Dataframes can be any number of rows and
columns, can be sorted, merged, and split into parts. You will likely
spend most of your time in R making, manipulating, and plotting
dataframes.
There are a couple of common methods to create dataframes in R. The
first is to use the data.frame() function and the other is
to import existing data from a .csv or .tsv file (more on that
later).
The data.frame() function takes “named” vectors as
inputs…
df <- data.frame(a = c('Matt','Sally','Emily','Tracey'),
b = c(36,35,2,5),
c = c('tacos','fries','apples','candy'))
df
## a b c
## 1 Matt 36 tacos
## 2 Sally 35 fries
## 3 Emily 2 apples
## 4 Tracey 5 candy
That gives us a simple dataframe with 3 columns (variables) and 4 rows. Note that in the notebook output the type of each variable is displayed indicating how these are essentially different atomic vectors.

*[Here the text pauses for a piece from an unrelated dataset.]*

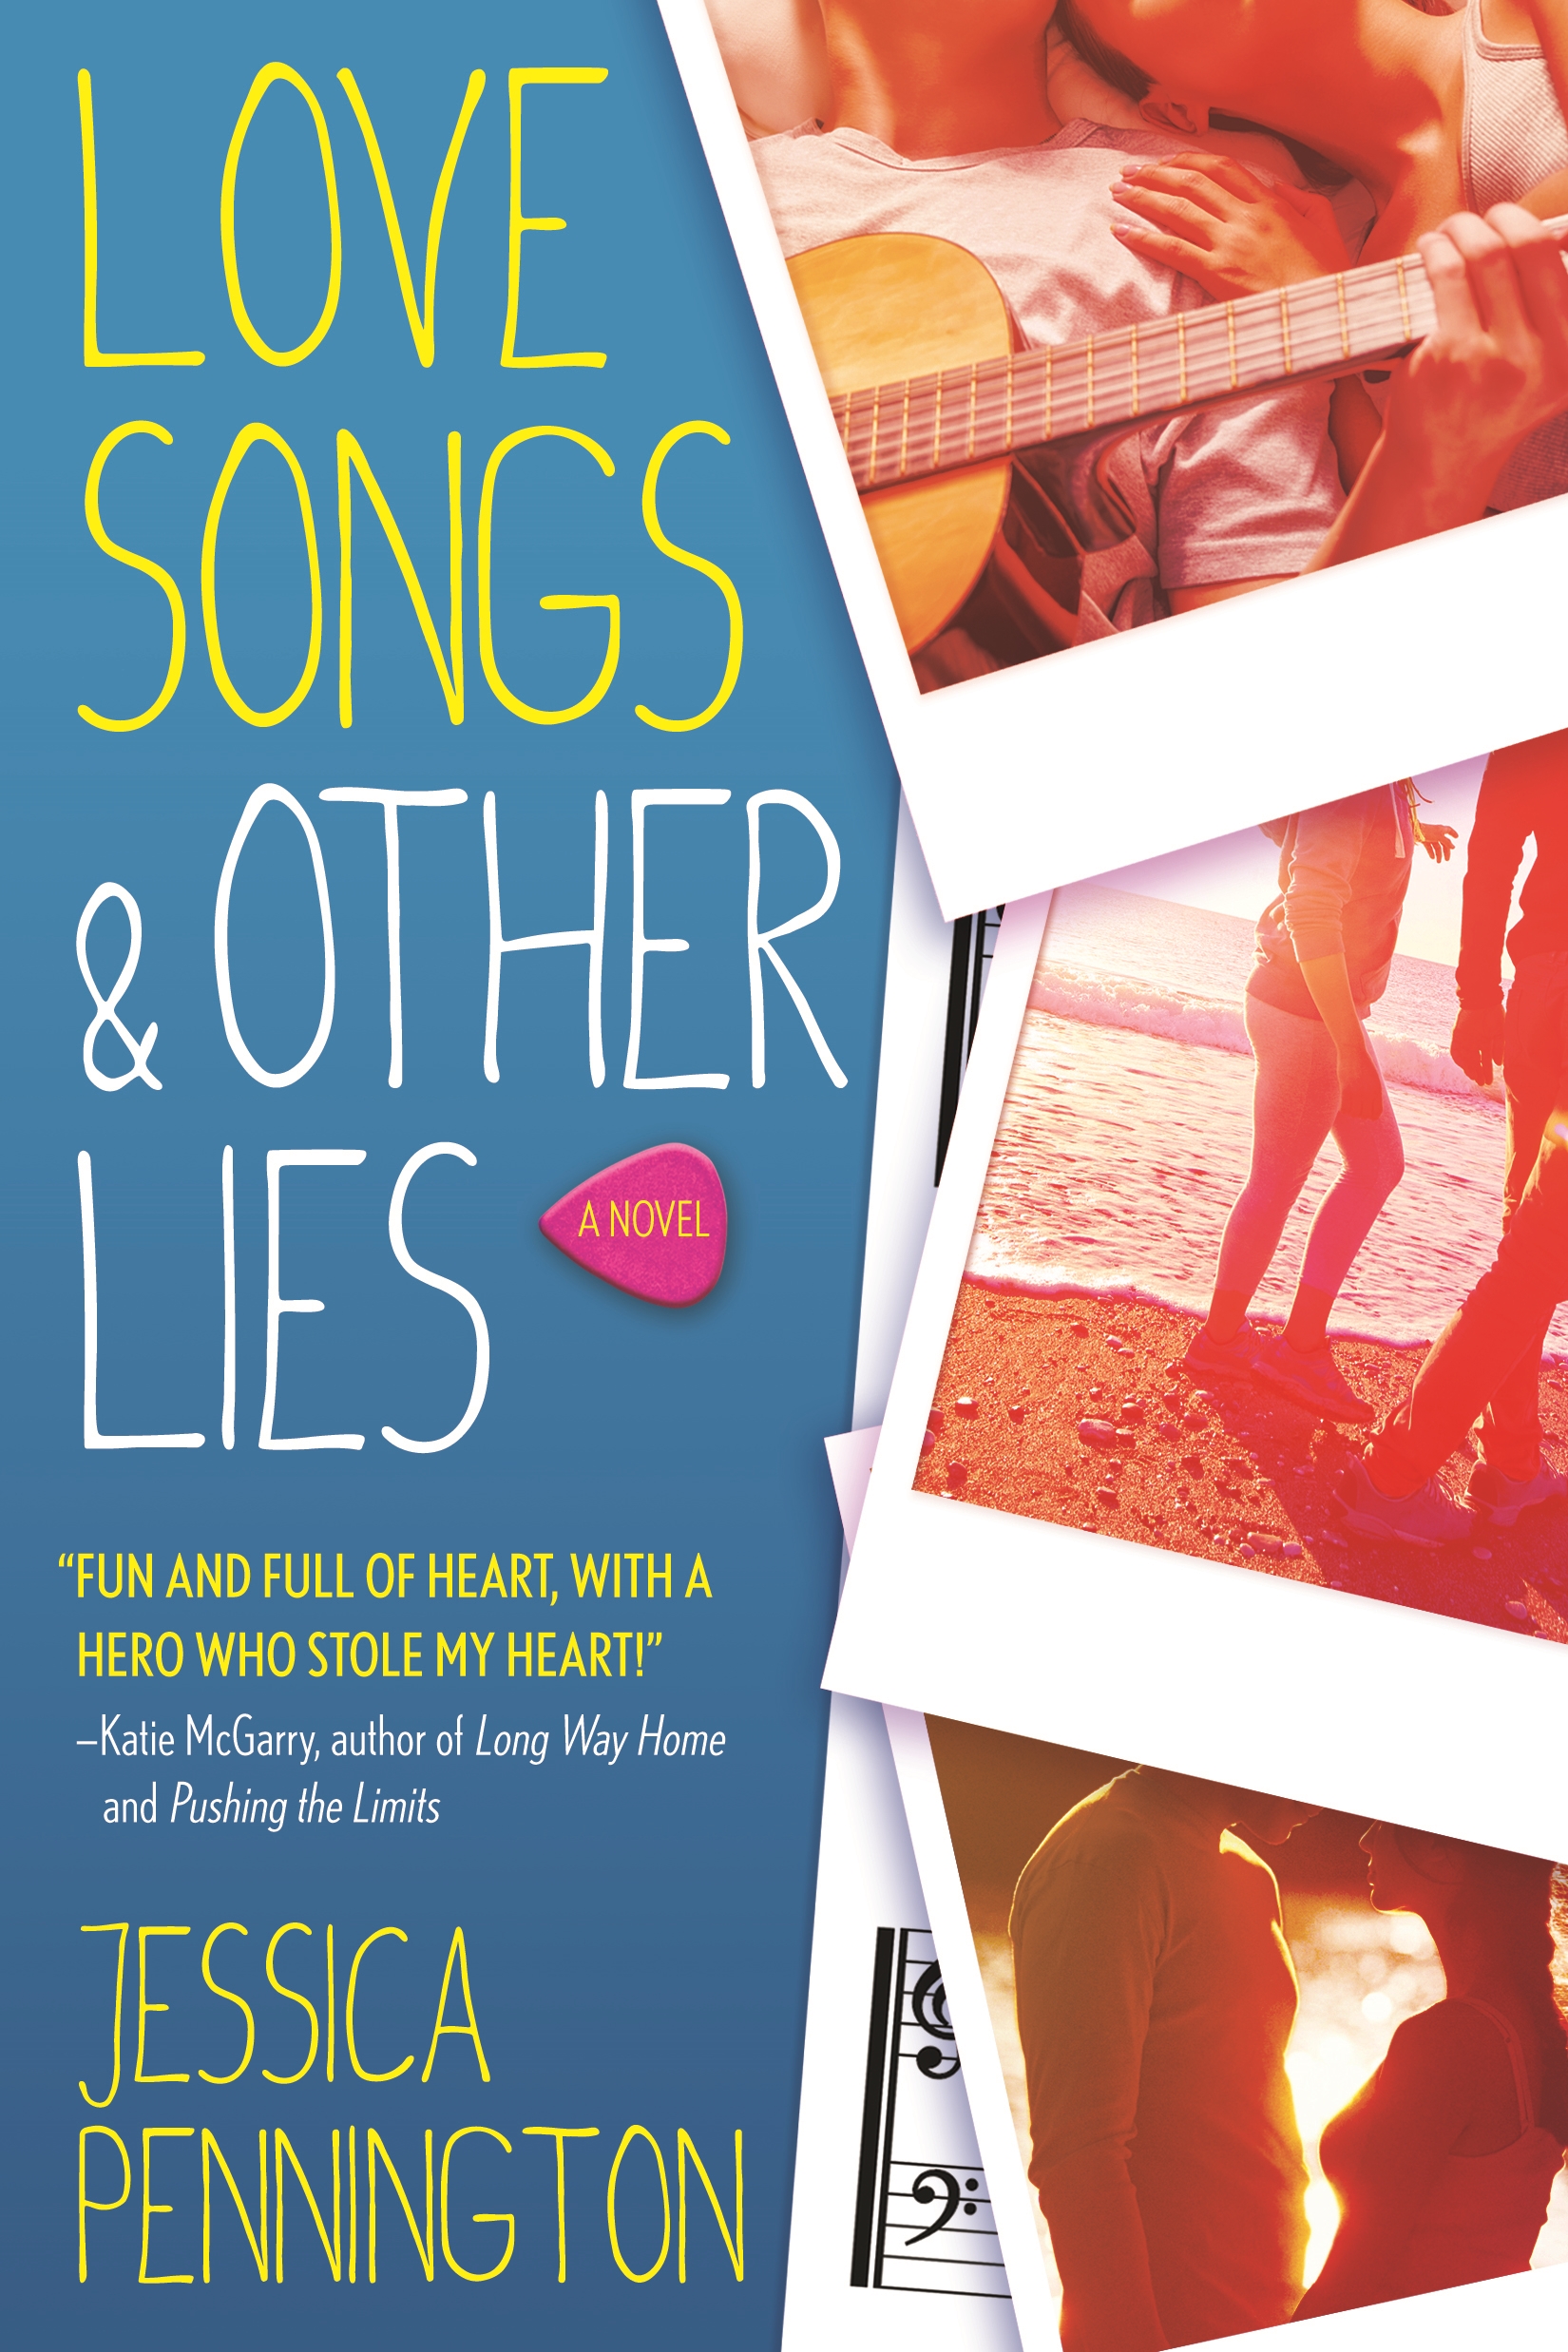 Love Songs & Other Lies : A Novel by Jessica Pennington

Column names (and optionally row names) can be reassigned with
functions colnames() and rownames(). Both
functions take a dataframe as input and then new names can be specified
with another character vector like so.
colnames(df) <- c('name','age','food')
df
## name age food
## 1 Matt 36 tacos
## 2 Sally 35 fries
## 3 Emily 2 apples
## 4 Tracey 5 candy
This is often useful particularly when importing data that may not have names or may have confusing names.
One of the most common things you’ll need to do is extract parts of a dataframe or combine different dataframes. There are a number of ways to do these operations.
We can get specific columns, rows, values, and apply logical
filtering. For example because dataframes are lists and columns are
named we can directly access a column with the $
operator.
df$name
## [1] "Matt" "Sally" "Emily" "Tracey"
Alternatively we can use square brackets like we did above with single vectors. Indexing dataframes follows the syntax [row, column], but you don’t always have to include a comma as you’ll see below.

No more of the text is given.